While I am in Poznan I will be staying at the Novotel Poznan Centrum, which is, fortunately, located near the old town. It is called a four-star hotel, and appears to be quite modern, but I am not so convinced. That is part of the adventure and, most certainly, not my main reason for this trip.
I will be staying at the Hotel Puro, a modern four-star(ish) hotel conveniently located next to the Manufaktura; Lodz’s largest shopping and entertainment complex created out of an abandoned textile mill (which was the main industry in Lodz). I hope to have time to find a culinary adventure there.
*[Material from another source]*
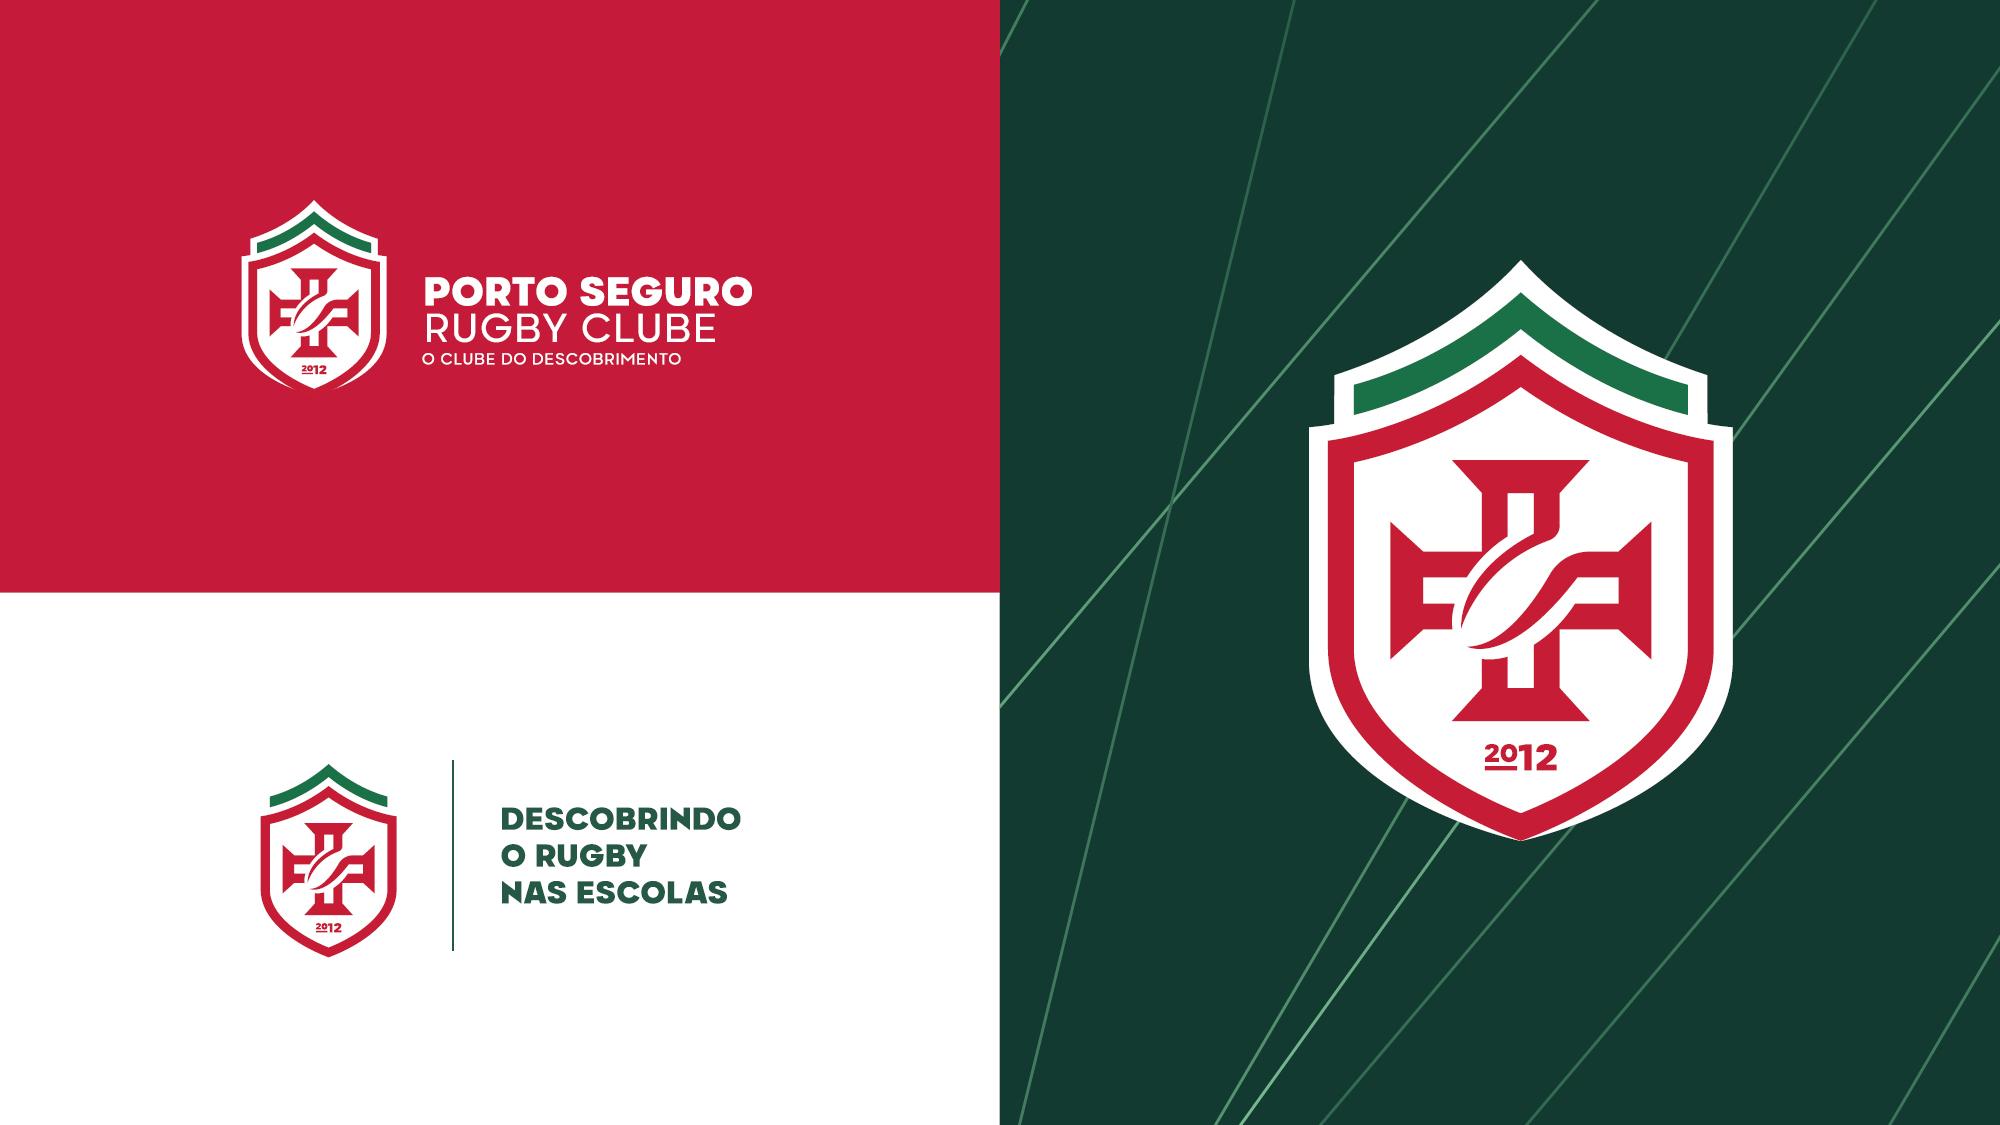 201911-Porto-Seguro-Rugby-Clube-Brand-Launch2

After my one night in Lodz, it off to Warsaw for two nights, staying at either the Intercontinental or Double Tree. Hopefully, it is the Intercontinental (bet you never thought I would say I wanted to stay at one!) as the Double Tree is a bit out of town.
Like much of Poland, Warsaw – the former “Paris of the North” – was mostly destroyed during World War II. with much being rebuilt in the stark and utilitarian Soviet-era construction techniques. But the Old City is a UNESCO World Heritage Site and since joining the European Union its economy had been on a steady rise. But…and it is a big BUT…there has been a rise in Ultra-Conservative politics with troubling nationalism being at the fore. I am very interested to see and feel this disquieting movement.
Regardless, a Chopin concert in the Old Town on the first evening should be an nice experience. On my second day I will be given a guided tour of Warsaw’s highlights including the Old Town, Palace of Culture and Science, the Jewish Ghetto, Copernicus Science Center, Lazienki Royal Park, the Museum of Life under Communism and the Museum of Warsaw Uprising. (The treatment of the latter two based upon the recent ultra-conservative movement should be most interesting.)
With an early morning flight my time in Poland will come to an end, but hopefully I will be just that much more enriched from a culinary, cultural and supplier perspective.